Leave every image out, and print the remaining lines below exactly.
**** PROVIDED MATERIAL ****
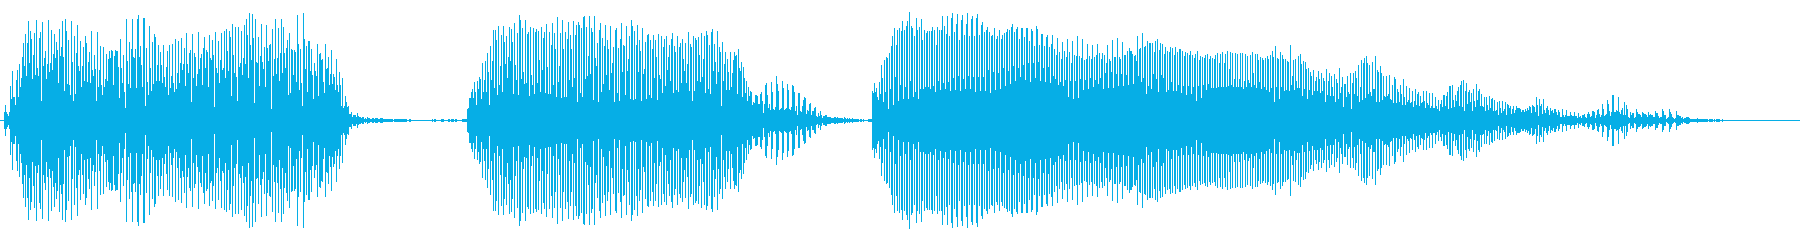 明るいトランペット上昇の再生済みの波形
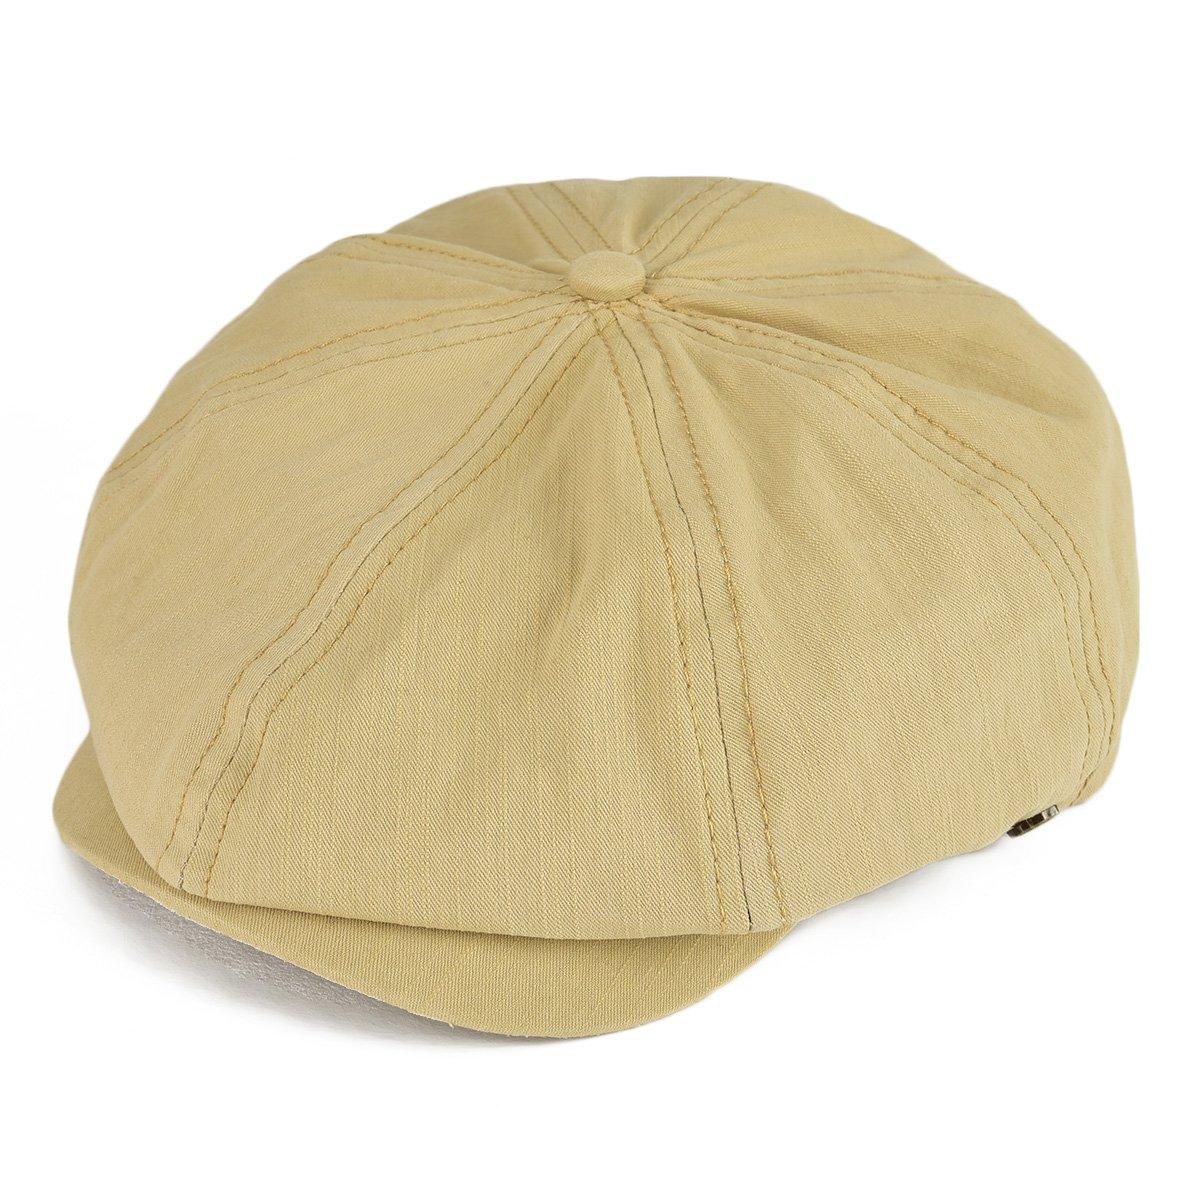 VOBOOM 100% Cotton Newsboy Caps 8 Pannel Cabbie Hat Gatsby Hat 2 Way BDMZ134 (Khaki)
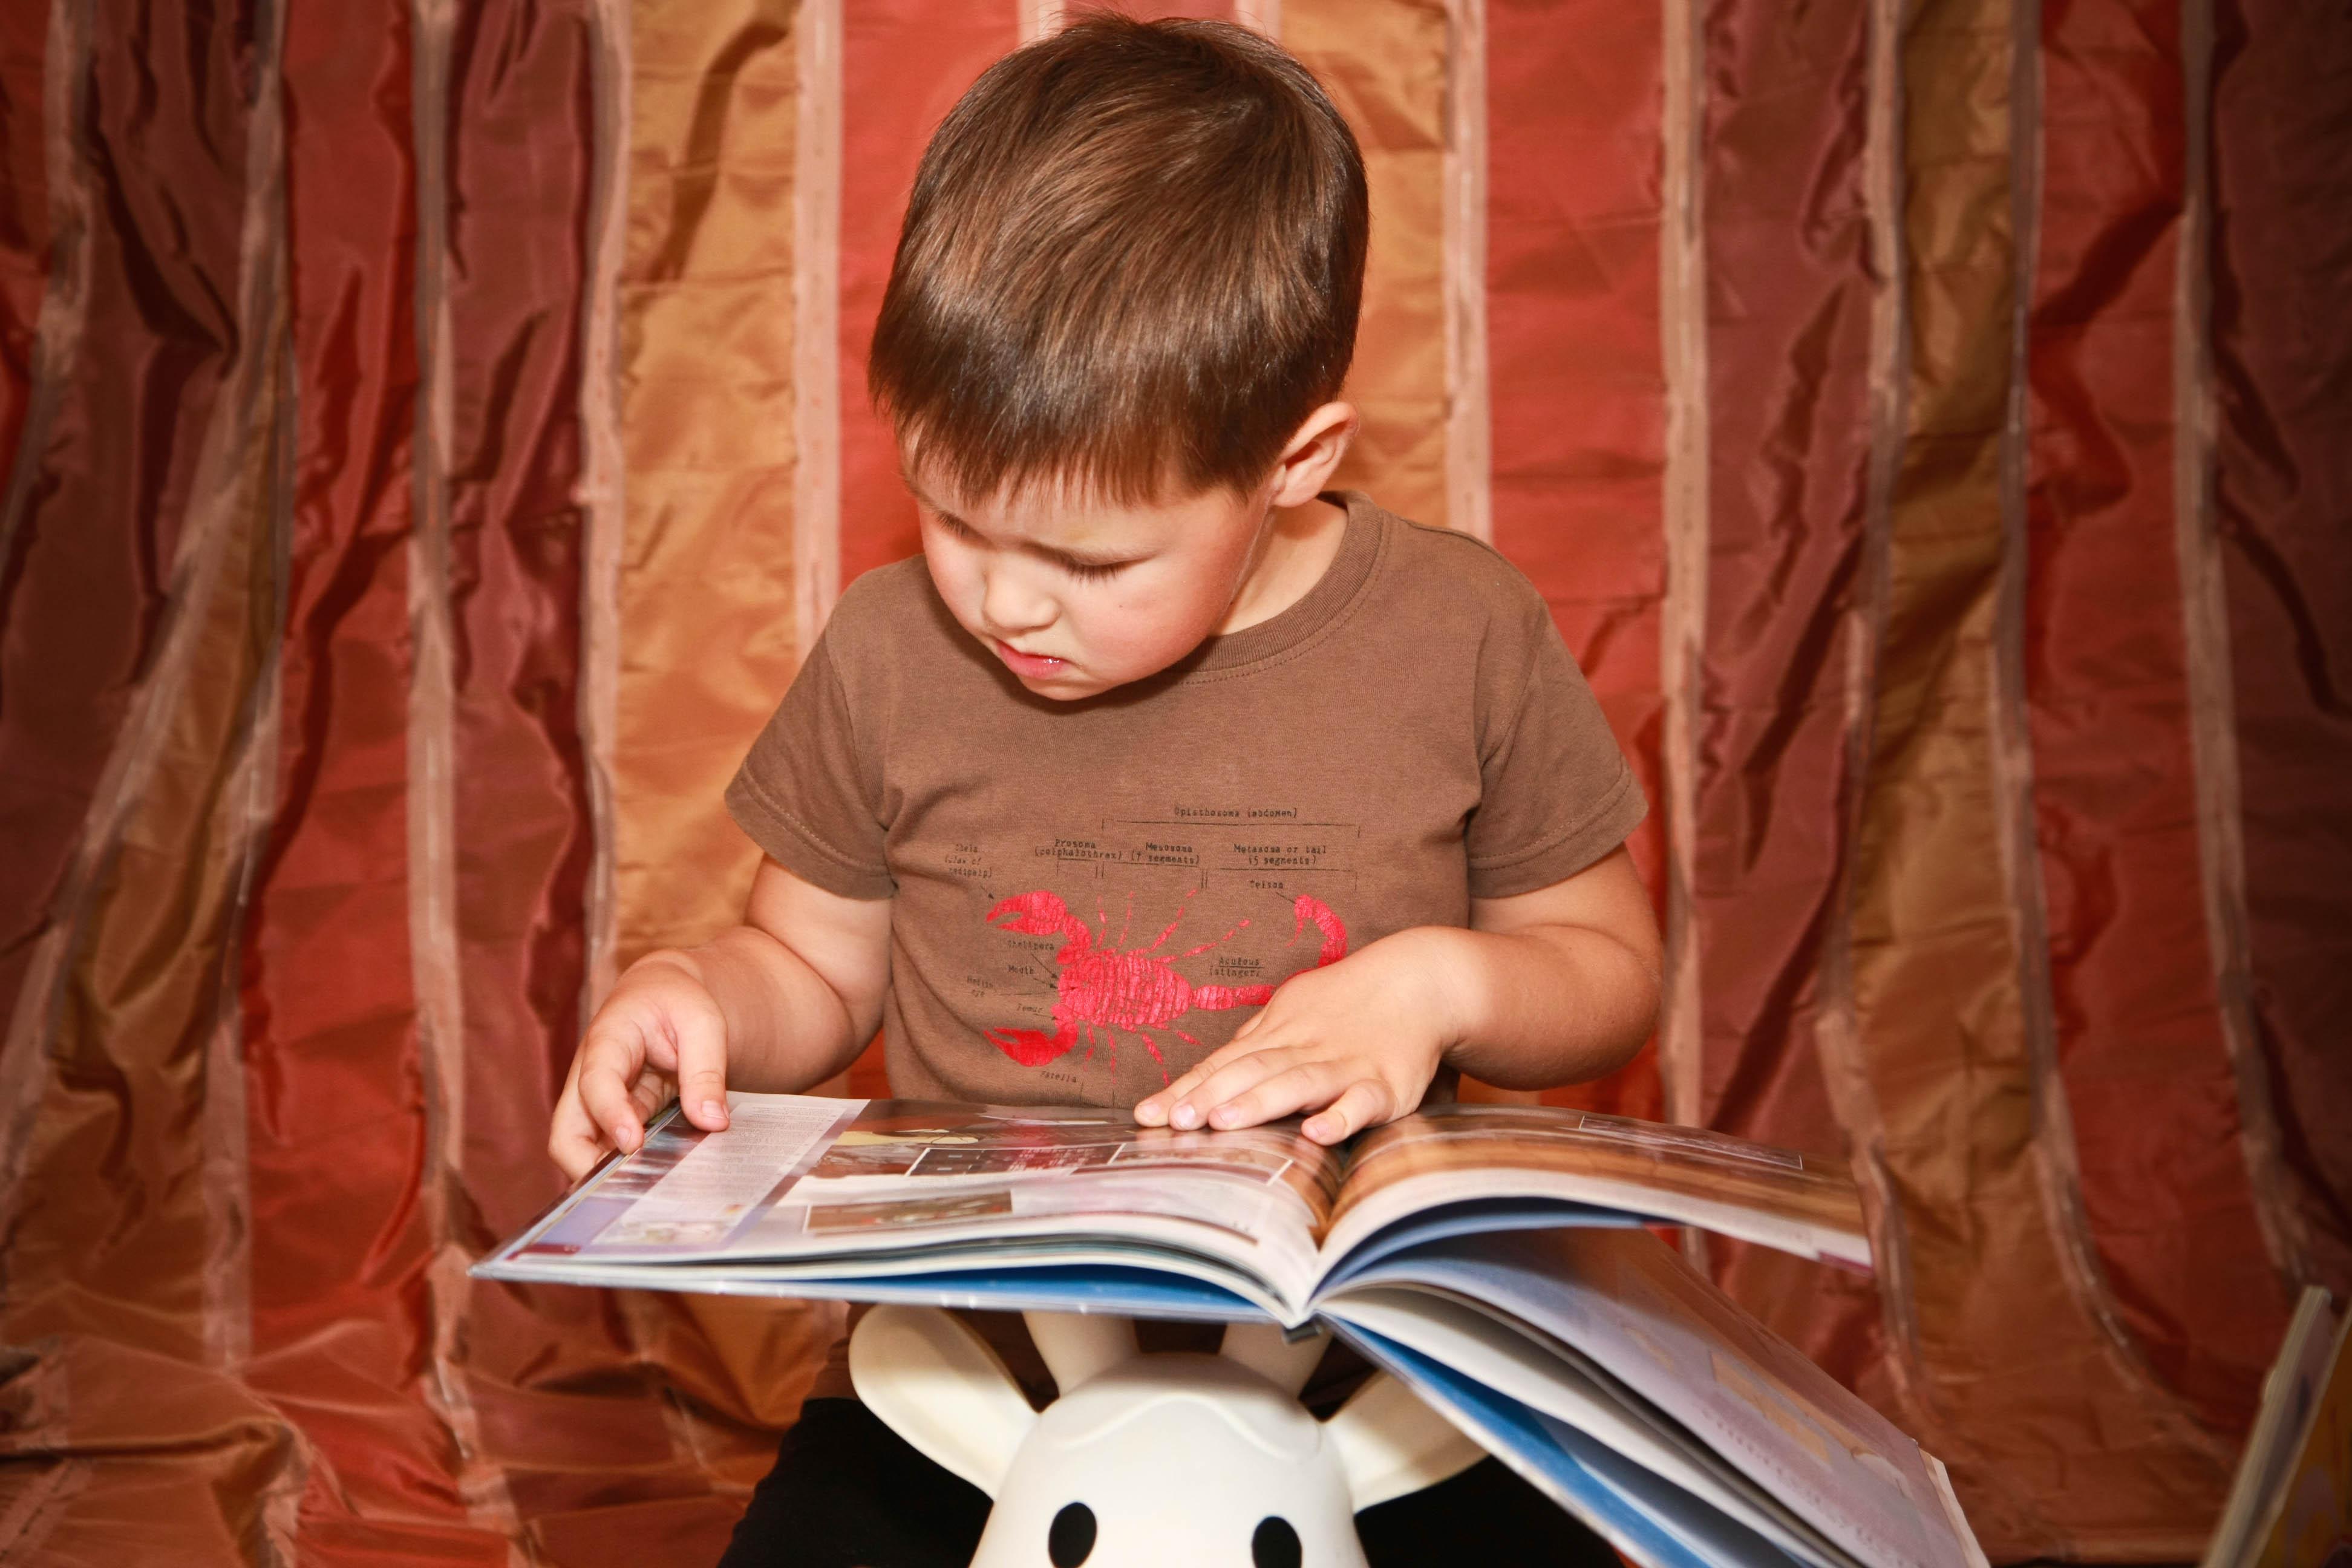 читаем - изучаем.
****
■ **EXERCISE RESULT**
 明るいトランペット上昇の再生済みの波形
 VOBOOM 100% Cotton Newsboy Caps 8 Pannel Cabbie Hat Gatsby Hat 2 Way BDMZ134 (Khaki)
 читаем - изучаем.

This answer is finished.